# GOAL OF THE EXERCISE
Please repeat, from the entries that follow, the lines from the one containing "Home Renovation Tip" through the one containing "September 11 Selena" exactly, adding nothing.

(Items from a data source)
-*-*-
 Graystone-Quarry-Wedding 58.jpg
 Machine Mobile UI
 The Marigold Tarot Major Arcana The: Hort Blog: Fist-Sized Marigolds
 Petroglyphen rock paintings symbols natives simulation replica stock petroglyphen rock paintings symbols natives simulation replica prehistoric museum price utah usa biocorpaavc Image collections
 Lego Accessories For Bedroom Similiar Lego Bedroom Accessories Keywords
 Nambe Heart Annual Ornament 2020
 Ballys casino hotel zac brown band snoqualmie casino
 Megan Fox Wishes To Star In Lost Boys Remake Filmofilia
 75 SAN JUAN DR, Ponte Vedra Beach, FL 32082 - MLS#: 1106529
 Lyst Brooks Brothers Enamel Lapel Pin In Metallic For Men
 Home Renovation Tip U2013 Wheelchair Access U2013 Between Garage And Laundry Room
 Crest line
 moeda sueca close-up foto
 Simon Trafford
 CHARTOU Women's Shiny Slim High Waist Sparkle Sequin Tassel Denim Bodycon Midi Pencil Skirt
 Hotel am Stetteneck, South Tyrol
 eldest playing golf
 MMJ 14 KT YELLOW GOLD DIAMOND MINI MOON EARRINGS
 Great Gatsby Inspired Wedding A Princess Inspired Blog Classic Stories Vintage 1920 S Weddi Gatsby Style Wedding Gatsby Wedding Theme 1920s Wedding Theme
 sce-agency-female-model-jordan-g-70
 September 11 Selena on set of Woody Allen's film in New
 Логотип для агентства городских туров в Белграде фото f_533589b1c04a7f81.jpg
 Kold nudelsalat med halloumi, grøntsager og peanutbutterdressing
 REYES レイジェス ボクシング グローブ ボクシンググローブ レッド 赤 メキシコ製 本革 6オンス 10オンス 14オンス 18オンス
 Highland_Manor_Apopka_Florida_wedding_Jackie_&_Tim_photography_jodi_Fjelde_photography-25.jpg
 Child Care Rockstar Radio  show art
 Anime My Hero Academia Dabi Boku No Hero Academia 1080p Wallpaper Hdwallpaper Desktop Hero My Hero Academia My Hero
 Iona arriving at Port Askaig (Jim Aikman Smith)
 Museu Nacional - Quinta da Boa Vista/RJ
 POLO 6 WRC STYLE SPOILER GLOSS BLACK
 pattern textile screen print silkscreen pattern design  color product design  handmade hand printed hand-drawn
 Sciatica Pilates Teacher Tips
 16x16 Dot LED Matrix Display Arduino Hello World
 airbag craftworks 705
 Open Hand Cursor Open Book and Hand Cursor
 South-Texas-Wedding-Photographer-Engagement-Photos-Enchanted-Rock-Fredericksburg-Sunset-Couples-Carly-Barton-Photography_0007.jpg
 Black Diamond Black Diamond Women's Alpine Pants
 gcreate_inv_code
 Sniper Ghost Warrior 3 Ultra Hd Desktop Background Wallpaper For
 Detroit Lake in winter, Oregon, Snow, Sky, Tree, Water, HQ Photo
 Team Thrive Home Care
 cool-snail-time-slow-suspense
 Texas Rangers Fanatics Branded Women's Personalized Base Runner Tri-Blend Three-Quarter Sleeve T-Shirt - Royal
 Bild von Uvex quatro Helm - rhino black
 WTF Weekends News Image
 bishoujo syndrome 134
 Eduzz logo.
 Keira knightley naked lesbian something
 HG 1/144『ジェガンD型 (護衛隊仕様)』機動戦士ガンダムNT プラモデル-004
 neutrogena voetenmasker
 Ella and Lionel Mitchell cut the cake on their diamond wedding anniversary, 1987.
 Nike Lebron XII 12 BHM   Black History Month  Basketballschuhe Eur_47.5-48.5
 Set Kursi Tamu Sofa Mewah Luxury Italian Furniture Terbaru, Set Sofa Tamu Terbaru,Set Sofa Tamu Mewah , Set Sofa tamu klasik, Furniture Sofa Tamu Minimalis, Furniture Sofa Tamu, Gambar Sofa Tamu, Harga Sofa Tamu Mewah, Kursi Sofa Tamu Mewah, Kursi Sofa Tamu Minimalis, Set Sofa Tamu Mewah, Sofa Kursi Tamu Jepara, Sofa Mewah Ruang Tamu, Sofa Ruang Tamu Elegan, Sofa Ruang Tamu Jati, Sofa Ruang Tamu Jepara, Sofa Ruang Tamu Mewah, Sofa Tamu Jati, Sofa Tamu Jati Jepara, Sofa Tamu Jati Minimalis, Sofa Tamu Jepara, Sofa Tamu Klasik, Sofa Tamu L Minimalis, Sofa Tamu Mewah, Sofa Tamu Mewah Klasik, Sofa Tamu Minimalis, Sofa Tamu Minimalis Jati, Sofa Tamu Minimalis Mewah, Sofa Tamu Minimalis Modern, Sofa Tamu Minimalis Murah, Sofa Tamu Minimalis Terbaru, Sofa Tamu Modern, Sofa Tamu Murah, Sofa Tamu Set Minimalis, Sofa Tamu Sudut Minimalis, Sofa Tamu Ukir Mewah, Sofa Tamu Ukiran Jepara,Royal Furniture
-*-*-
# TASK SOLUTION
 Home Renovation Tip U2013 Wheelchair Access U2013 Between Garage And Laundry Room
 Crest line
 moeda sueca close-up foto
 Simon Trafford
 CHARTOU Women's Shiny Slim High Waist Sparkle Sequin Tassel Denim Bodycon Midi Pencil Skirt
 Hotel am Stetteneck, South Tyrol
 eldest playing golf
 MMJ 14 KT YELLOW GOLD DIAMOND MINI MOON EARRINGS
 Great Gatsby Inspired Wedding A Princess Inspired Blog Classic Stories Vintage 1920 S Weddi Gatsby Style Wedding Gatsby Wedding Theme 1920s Wedding Theme
 sce-agency-female-model-jordan-g-70
 September 11 Selena on set of Woody Allen's film in New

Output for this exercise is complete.